*TASK ITEM*. What needs reproducing is the run of lines in the data below starting at the line with "steam stormworks search and destroy" and ending at the line with "Delighted to see", both ends included. Copy it exactly, without pictures, and add nothing.

*THE RECORDS*.
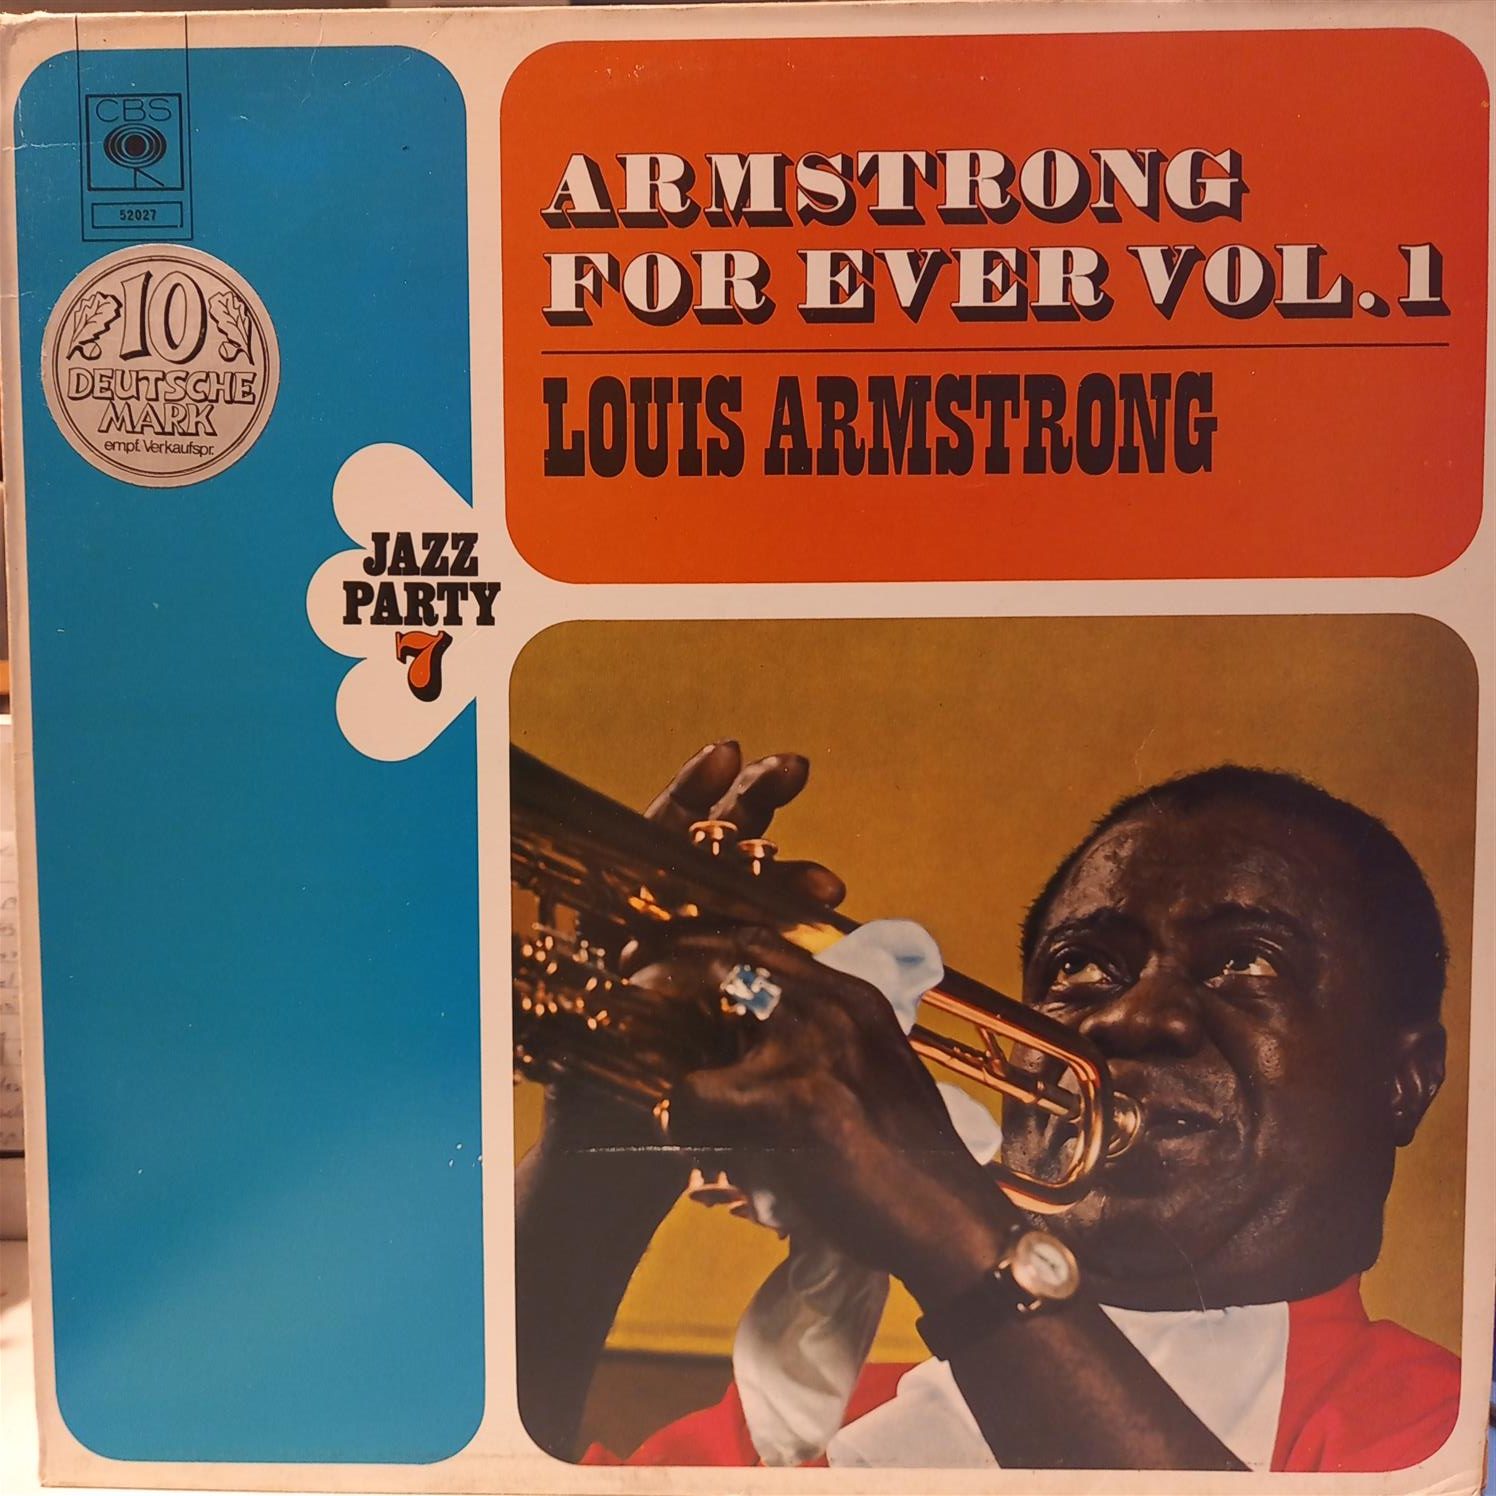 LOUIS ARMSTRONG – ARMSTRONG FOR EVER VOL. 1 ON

==

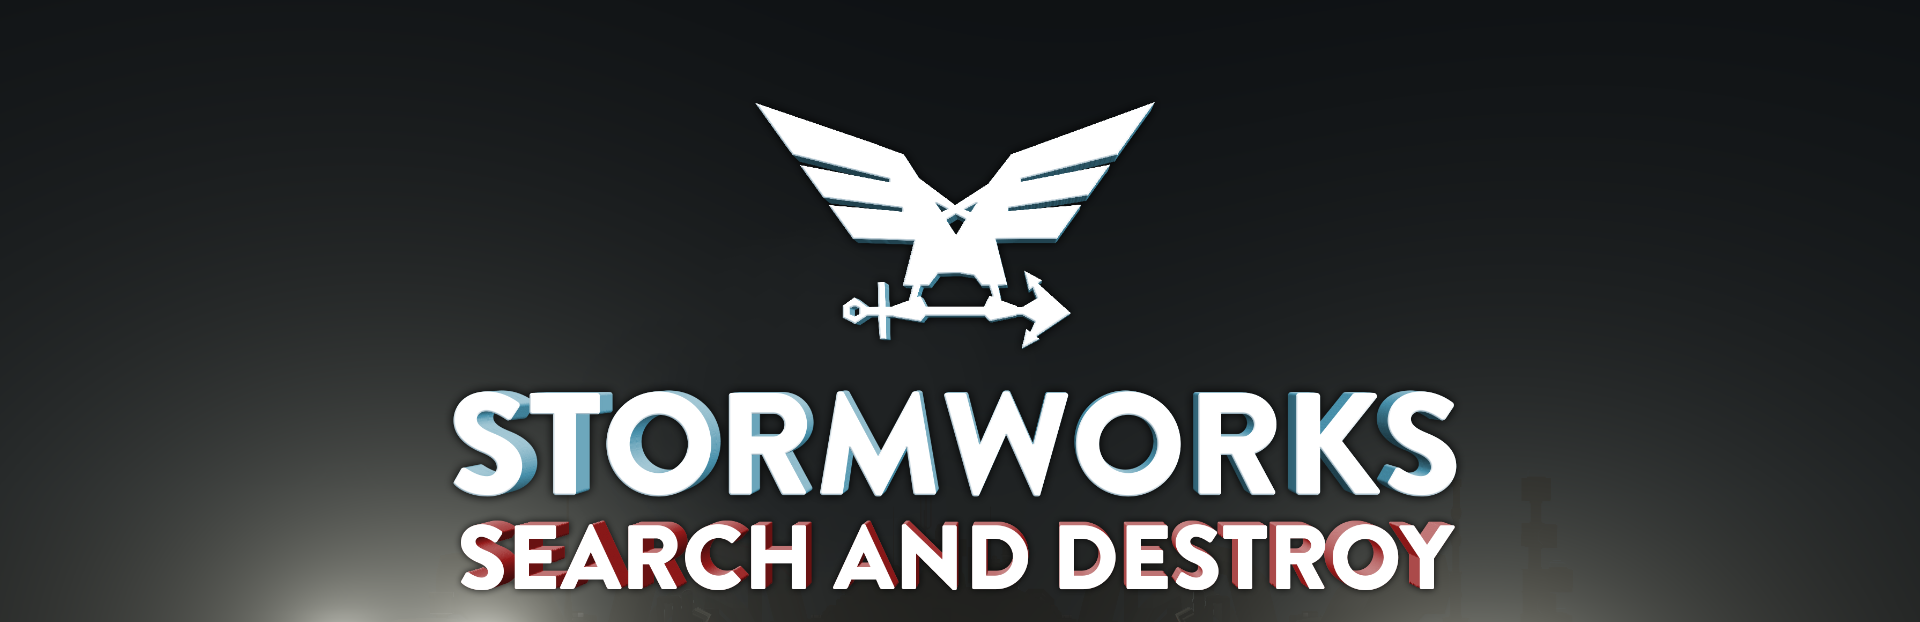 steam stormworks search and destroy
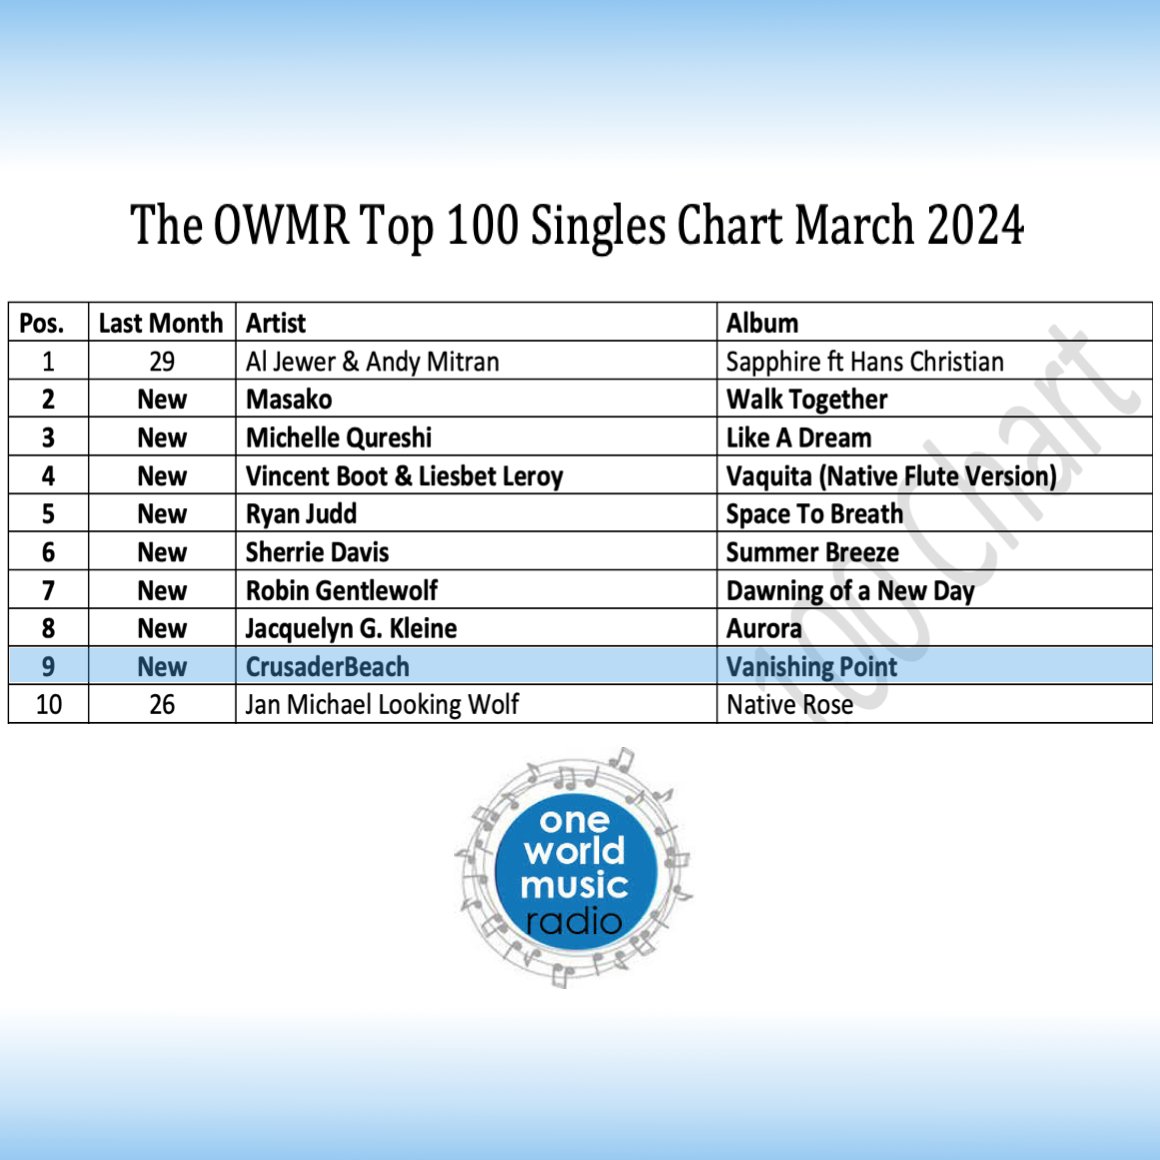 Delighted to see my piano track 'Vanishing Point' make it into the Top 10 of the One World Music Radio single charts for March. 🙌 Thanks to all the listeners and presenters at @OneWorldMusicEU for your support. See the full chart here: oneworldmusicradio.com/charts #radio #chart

*WORKED SOLUTION*.
 steam stormworks search and destroy
 Delighted to see my piano track 'Vanishing Point' make it into the Top 10 of the One World Music Radio single charts for March. 🙌 Thanks to all the listeners and presenters at @OneWorldMusicEU for your support. See the full chart here: oneworldmusicradio.com/charts #radio #chart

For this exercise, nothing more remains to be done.